Impossible requests
I bet I know why we don't ask bigger things of God. It's because we're afraid He won't do them, and then we will be ashamed. It isn't modesty; it's unbelief.
But I have decided to go for broke and believe that God is King of Kings and Lord of Lords, just as I have been professing He is (at least on paper). I am coming to Him with a quiverful of His promises: "All things are possible with God" (Mark 10:27). "Everyone who asks receives" (Matthew 7:8). "You do not have because you do not ask" (James 4:2). Jesus doesn't like timidity of expectation (Matthew 6:30; 8:26; 9:28-29; 14:31). Jesus likes it when we think He is outrageously powerful (Matthew 8:9-10). Jesus likes it when our faith reasoning is outrageously creative (Matthew 9:21-22; 15:26-28).

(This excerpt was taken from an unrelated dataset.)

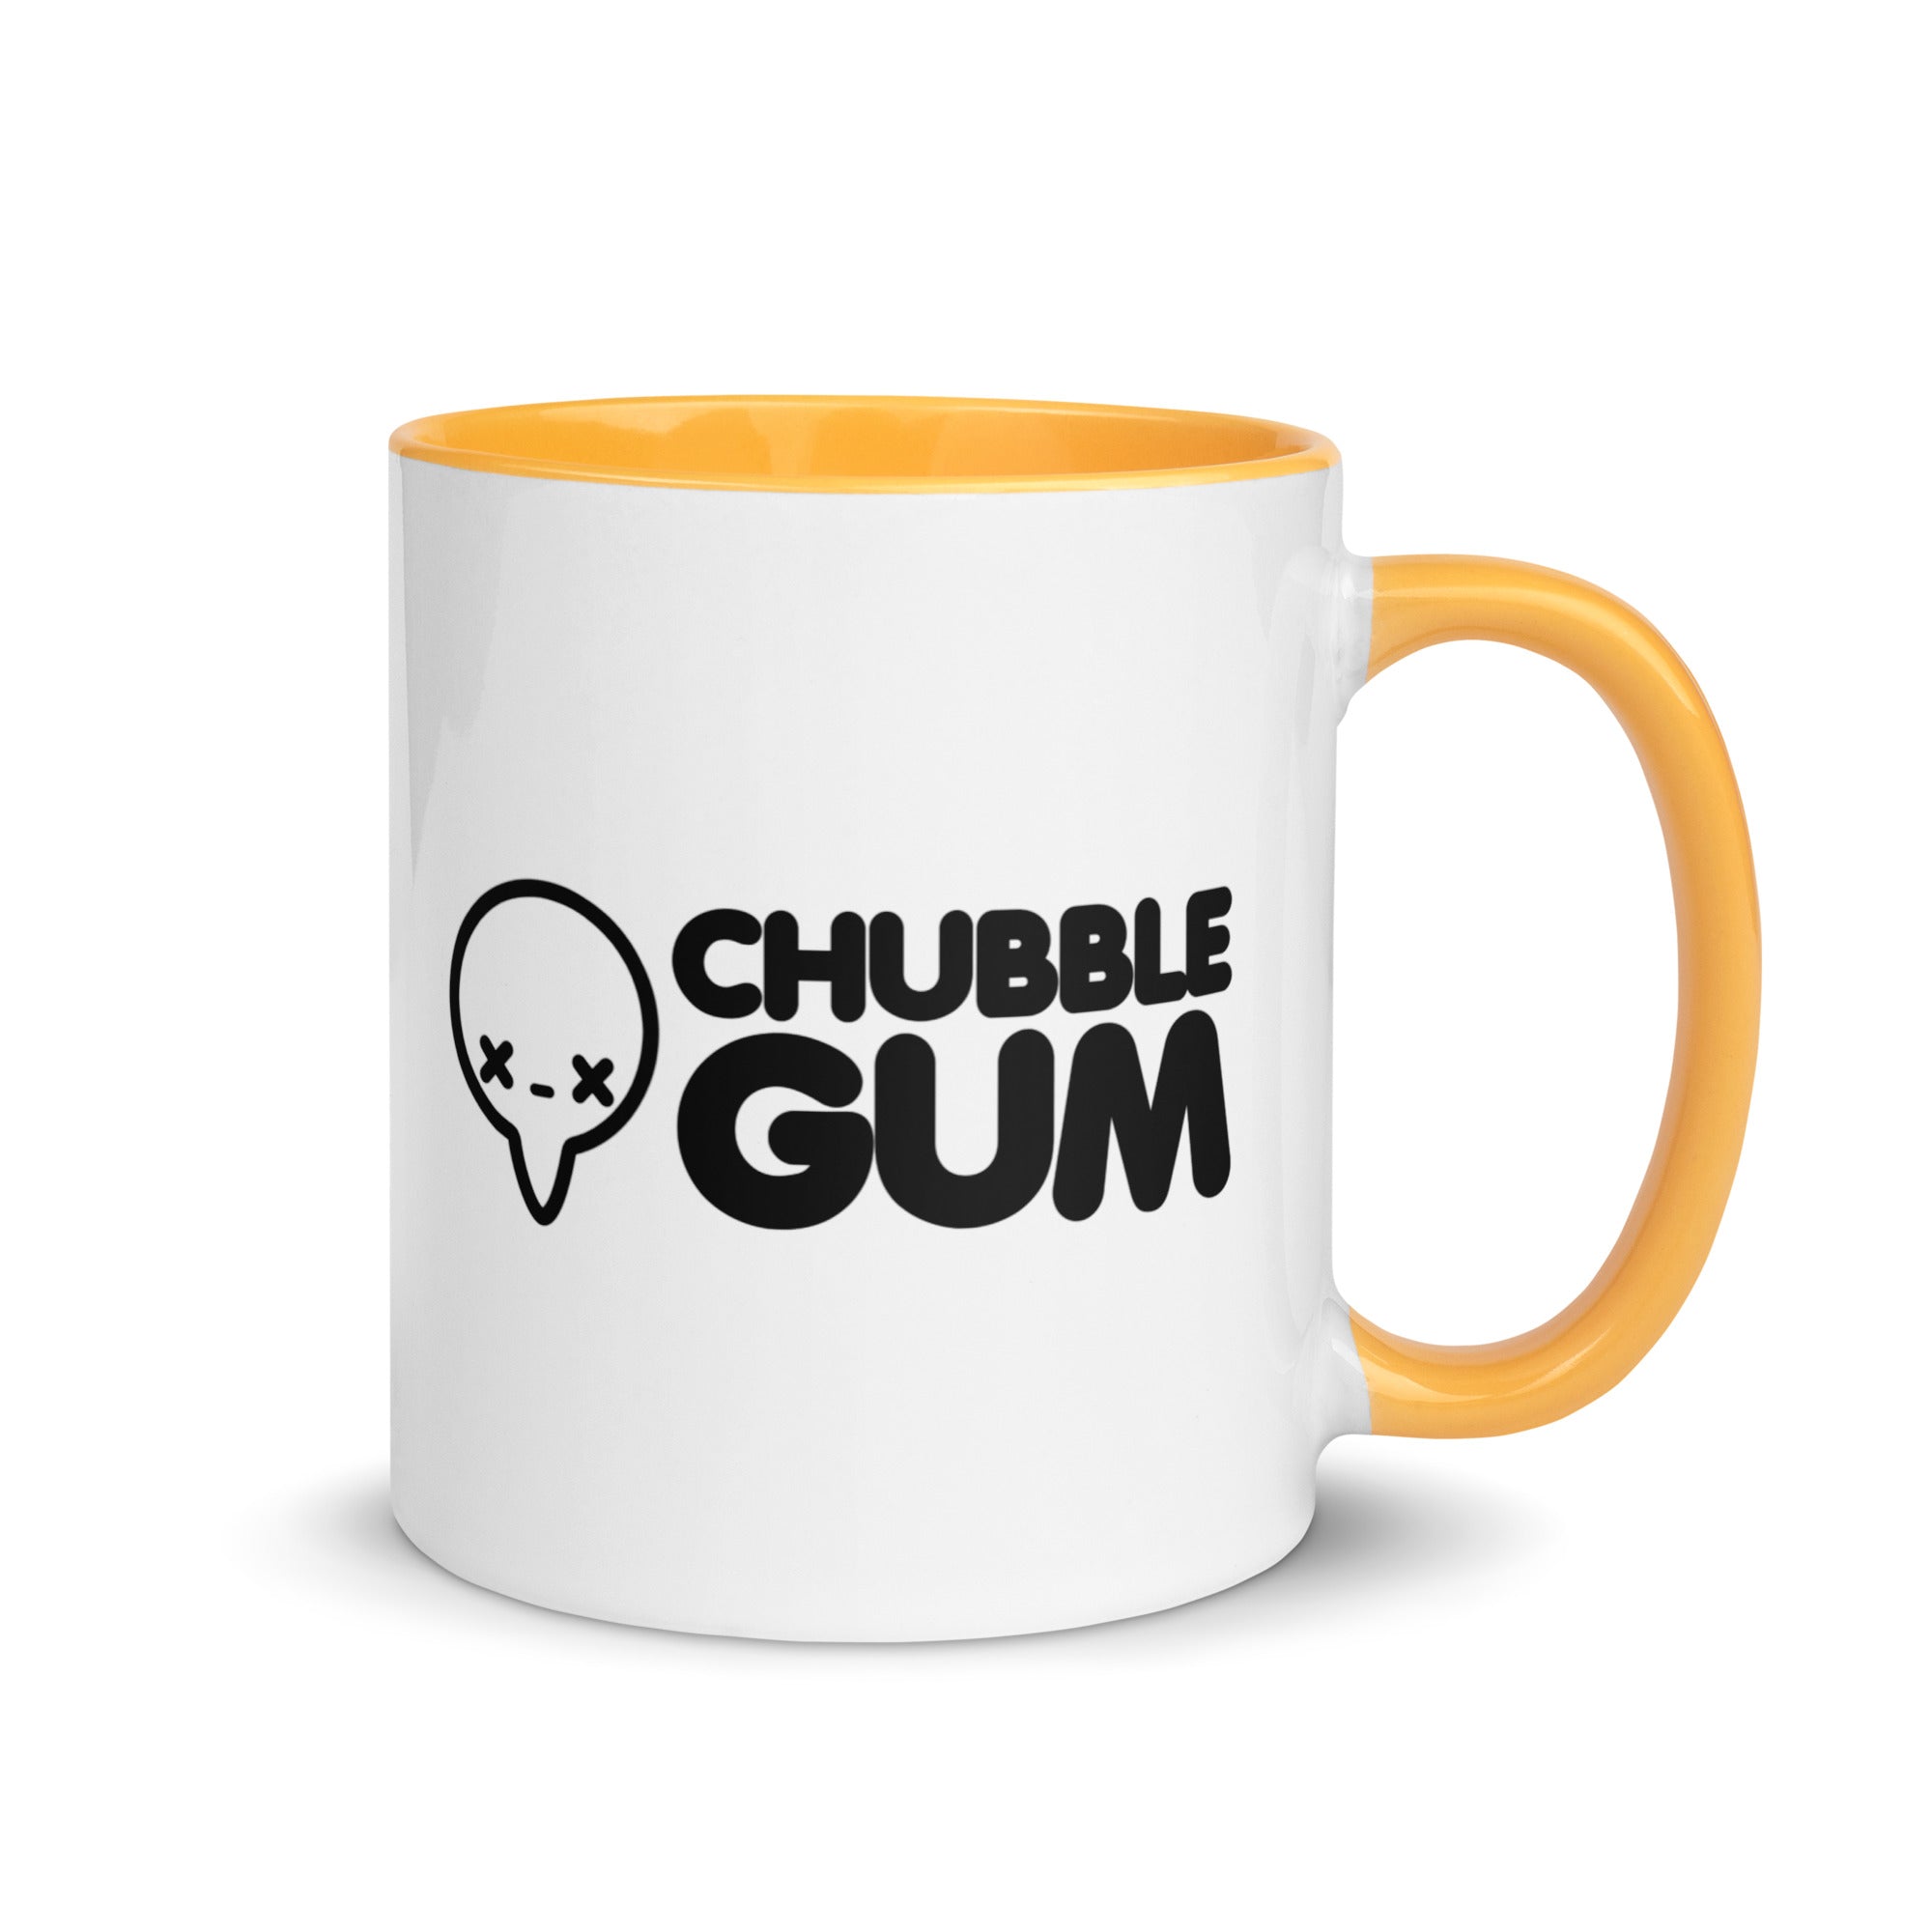 I SURVIVED A CRITICAL HIT - Mug With Color Inside - ChubbleGumLLC

He delights in doing things with one hand tied behind his back. Don't send out 32,000 soldiers, Gideon; let me do the thing with 300 men (Judges 7). "It is an easy thing for the shadow to lengthen ten steps. Rather, let the shadow go back ten steps" (2 Kings 20:10). Why didn't you trust me enough to strike the ground with the arrow more than three times, Hezekiah? Then I would have given you a spectacular victory, instead of just a ho-hum victory. (2 Kings 13:18-19).
We honor Him by taking Him at His Word, rather than mind-screwing a thousand reasons why the prayer cannot possibly be answered. When you think about it, all faith comes down to that.
This step has proved very freeing. Once one has crossed that Rubicon of faith, one notices an upsurge of new prayer requests from the heart. One begins to pray for things one not only was afraid to ask, but didn't even think to ask.
Someone close to me has a 3-year-old child by a man who is serving time in prison. I have begun to pray that both the young woman and the man become Christians, they get married, and they raise their child together in a Christian home. I will just keep at it like the persistent widow God has made me.